Hal ini terjadi karena rata-rata setiap keluarga menghidupkan pesawat televisinya lebih dari 20 jam perhari. Dengan demikian, jangkauan televisi (media accessibility) sebagai dampaknya begitu besar.
Maka tidak heran, pengulangan yang dilakukan oleh iklan sirup marjan setiap kedatangan bulan Ramadan menjadi simbolis menarik. Bahkan bulan Ramadan selalu dilebelkan dengan sirup marjan.
Iklan terbaru sirup marjan 2020 kali ini, menggambarkan Purbasari dan Lutung Kasarung. Dalam dunia televisi (television literacy), kita perlu mengetahui bahwa produsen iklan televisi selalu memanfaatkan sifat audio visual seperti special sound dan motion picture effect.
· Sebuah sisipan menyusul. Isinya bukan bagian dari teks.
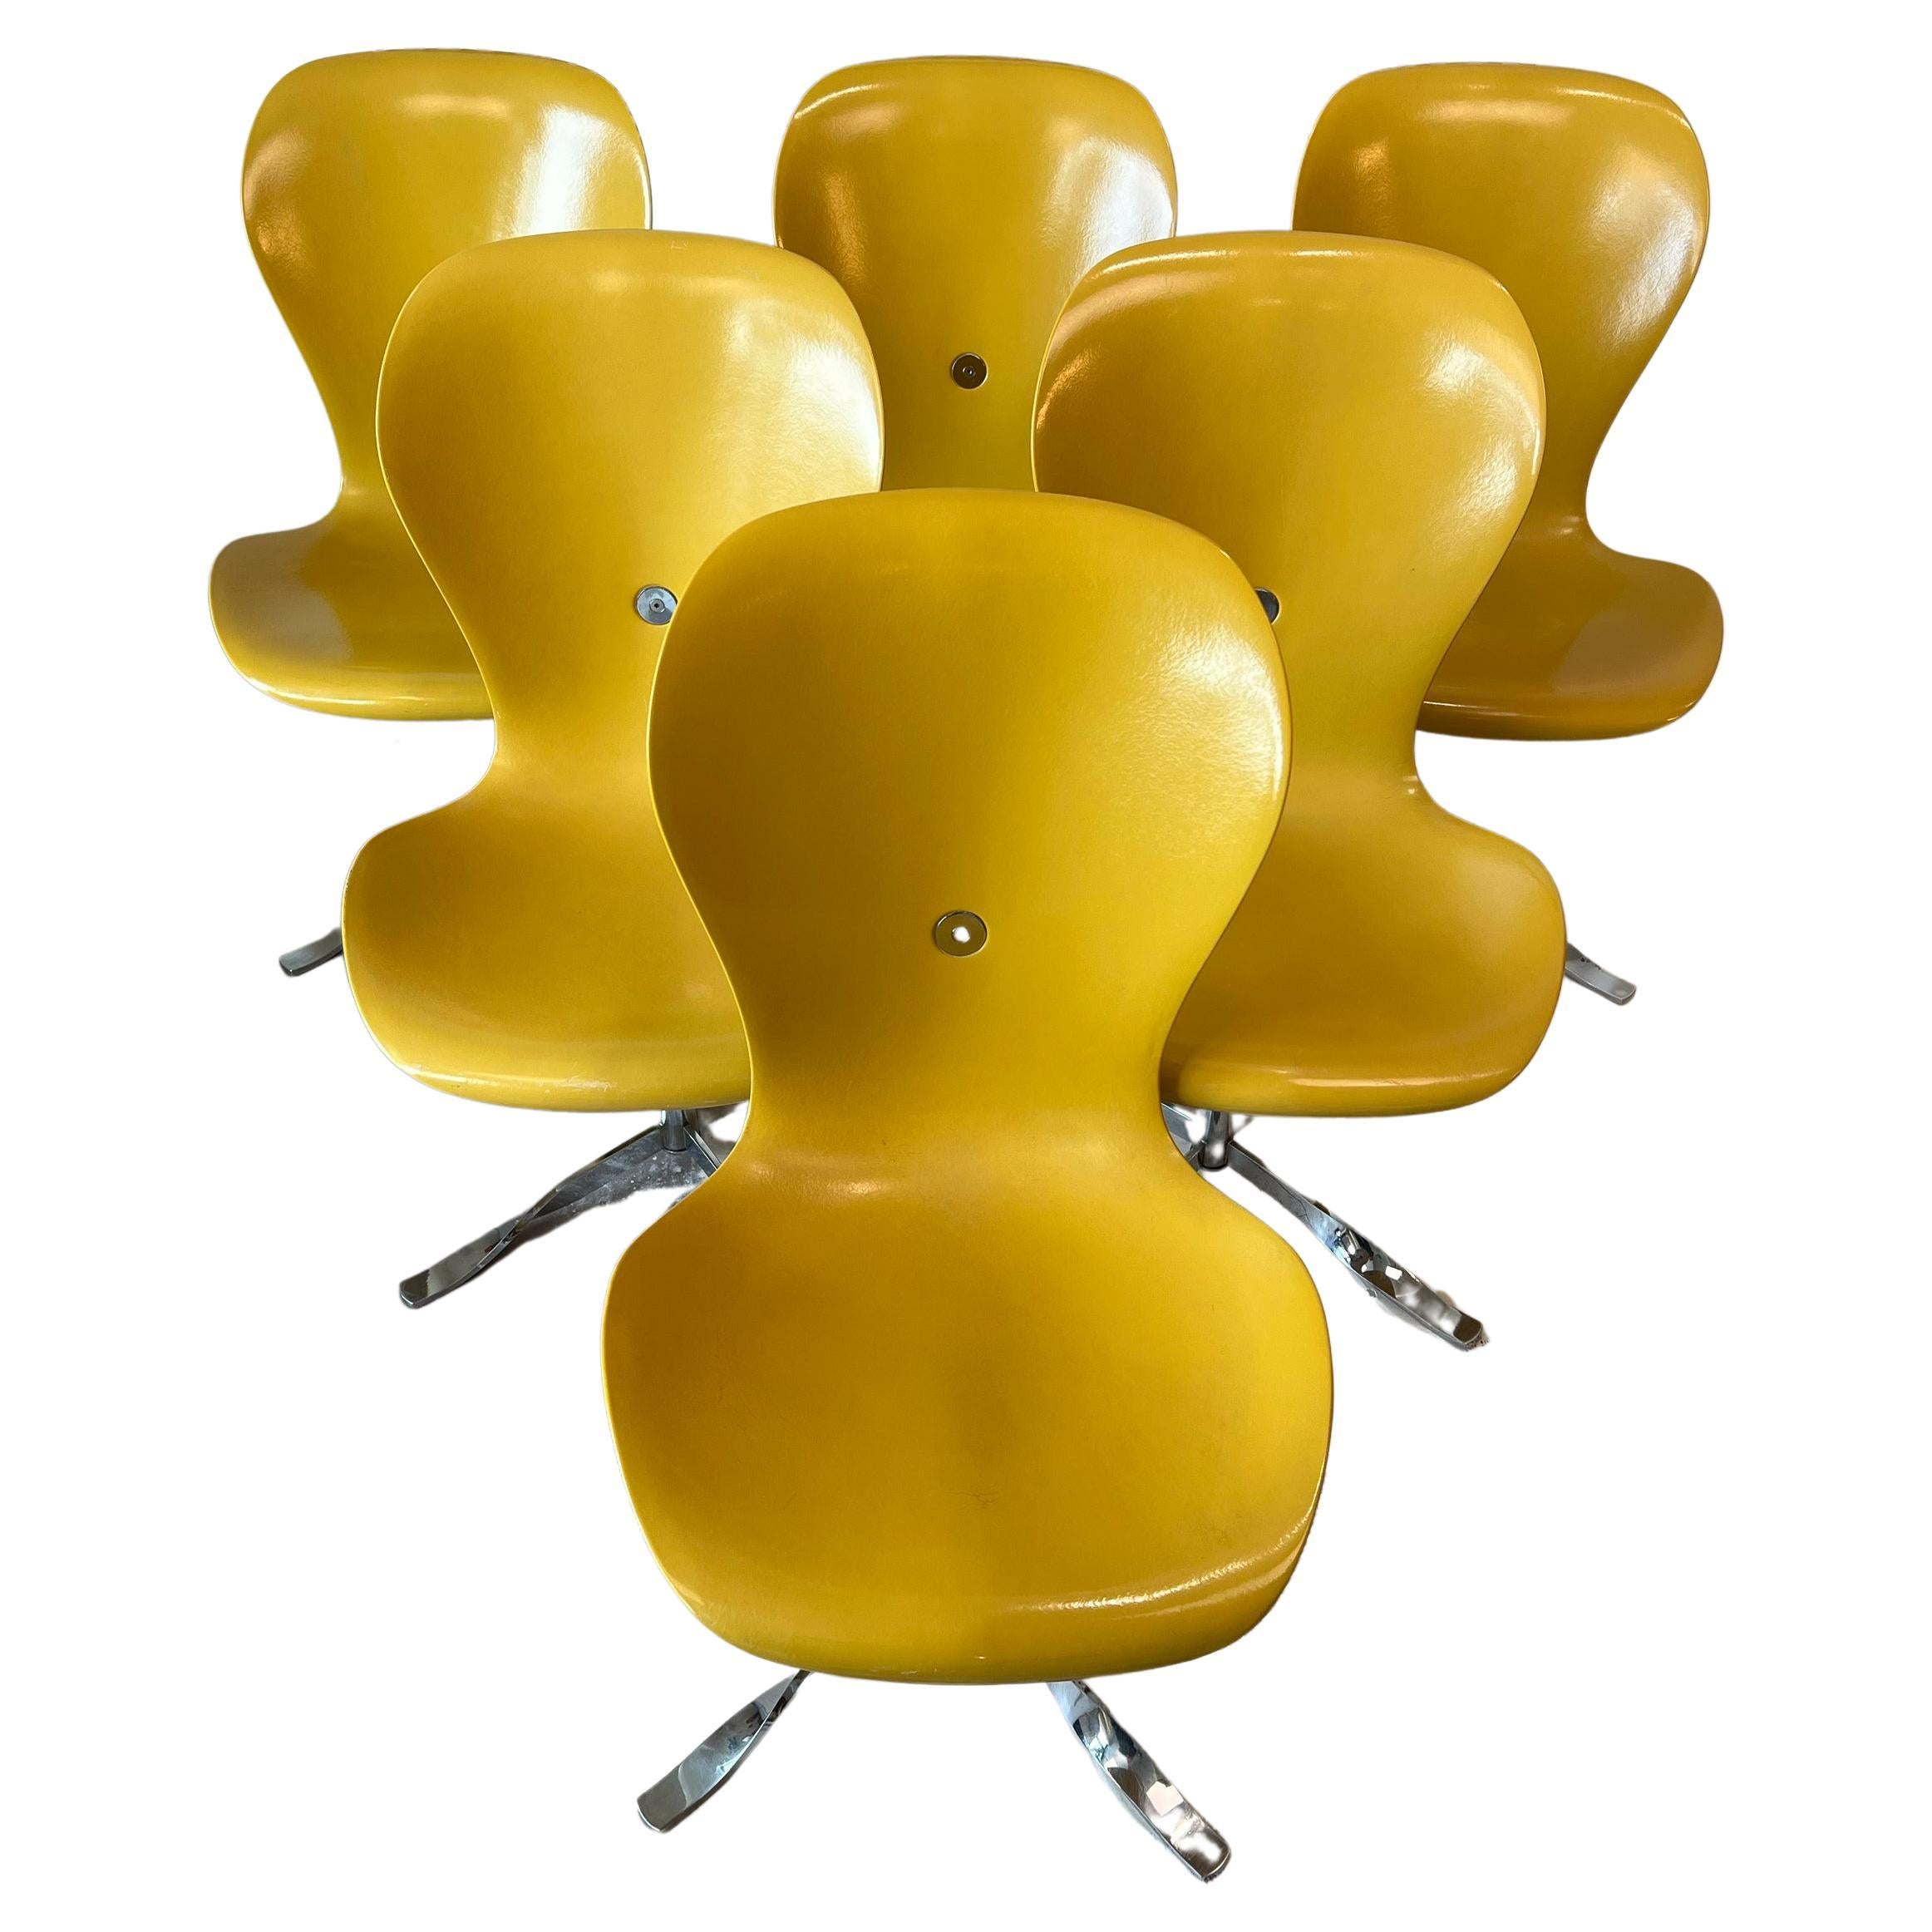 Set of 6 Vintage Ion Chairs by Gideon Kramer for American Desk Co.
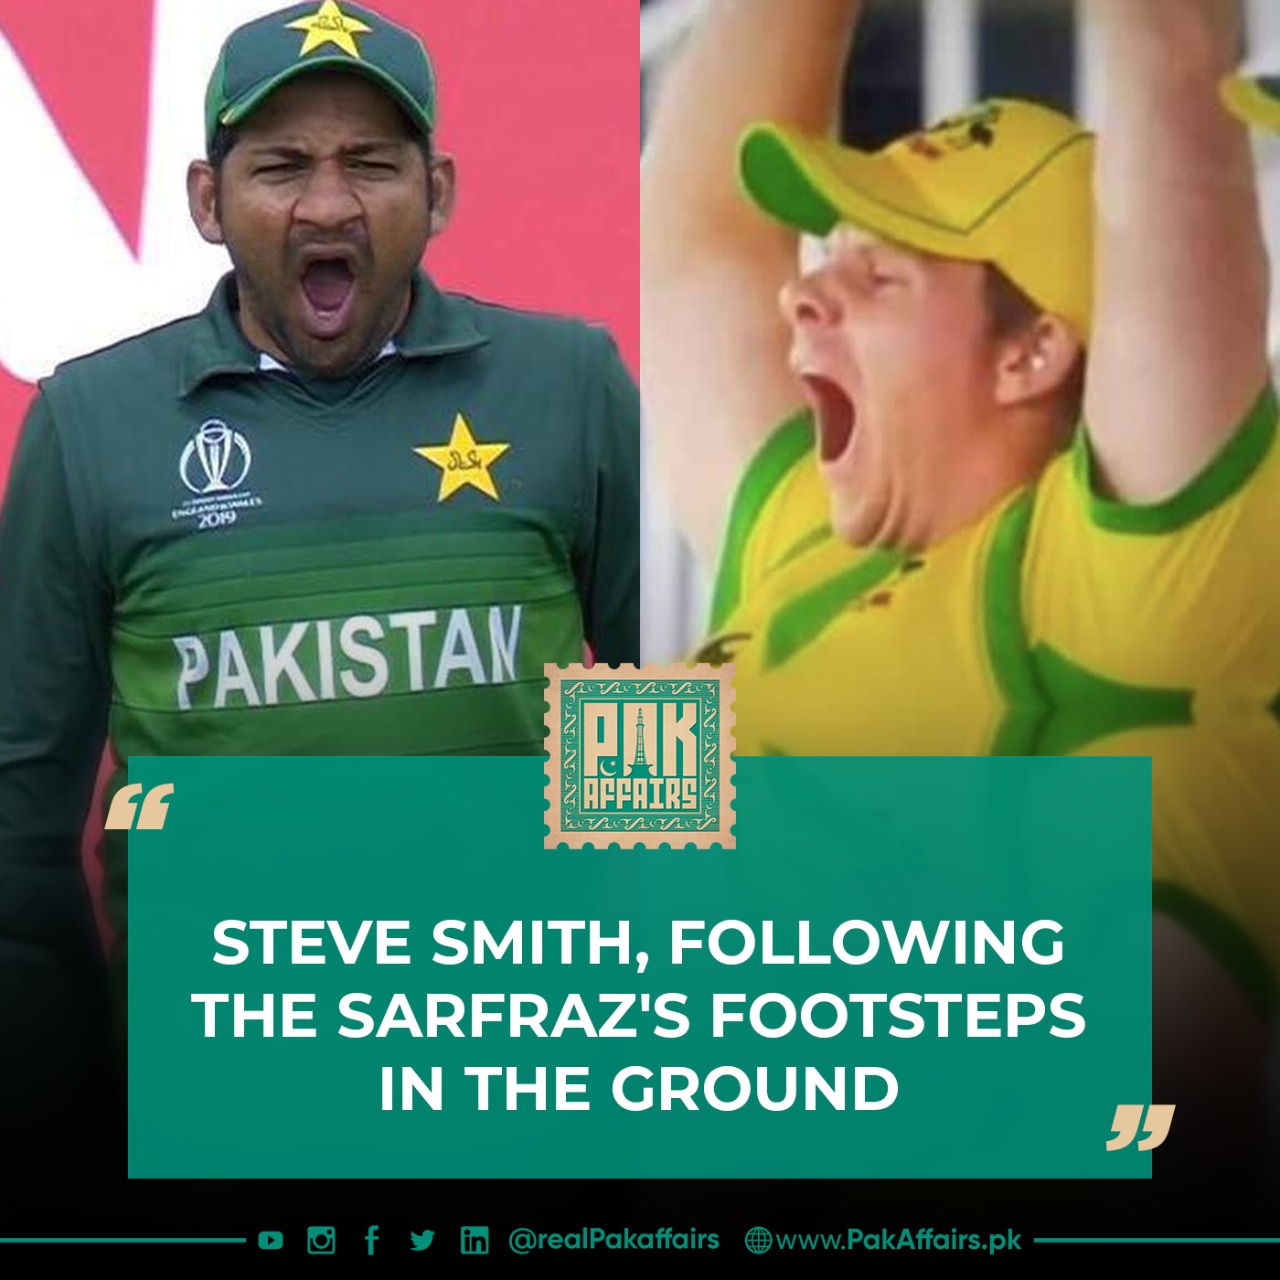 Steve Smith, following the Sarfraz's footsteps in the ground.

Hal ini, juga dilakukan dalam penanyangan iklan sirup marjan yang dikemas dengan visual dan kisah menarik. Contohnya, bagaimana tiba-tiba Purbasari dan Lutung Kasarung mendapat kutukan lalu memiliki kekuatan, hingga ketulusan hati mereka dapat mengalahkan sihir jahat.
Dari contoh di atas menunjukkan kemampuan televisi yang digabungkan dengan kreatifitas tertentu akan menghasilkan realitas kamera. Menurut teori Gerbner, ini akan dianggap sebagai realitas empiris yang benar-benar terjadi atau bisa dilakukan.
Akhirnya berdampak, yaitu masyarakat akan semakin konsumtif karena rising of expectation (meningkatkan harapan), kemungkinan juga akan menyebabkan meningkatnya rasa frustrasi (rising of frustration) karena secara ekonomi ataupun sosial tidak mempu memenuhi harapan.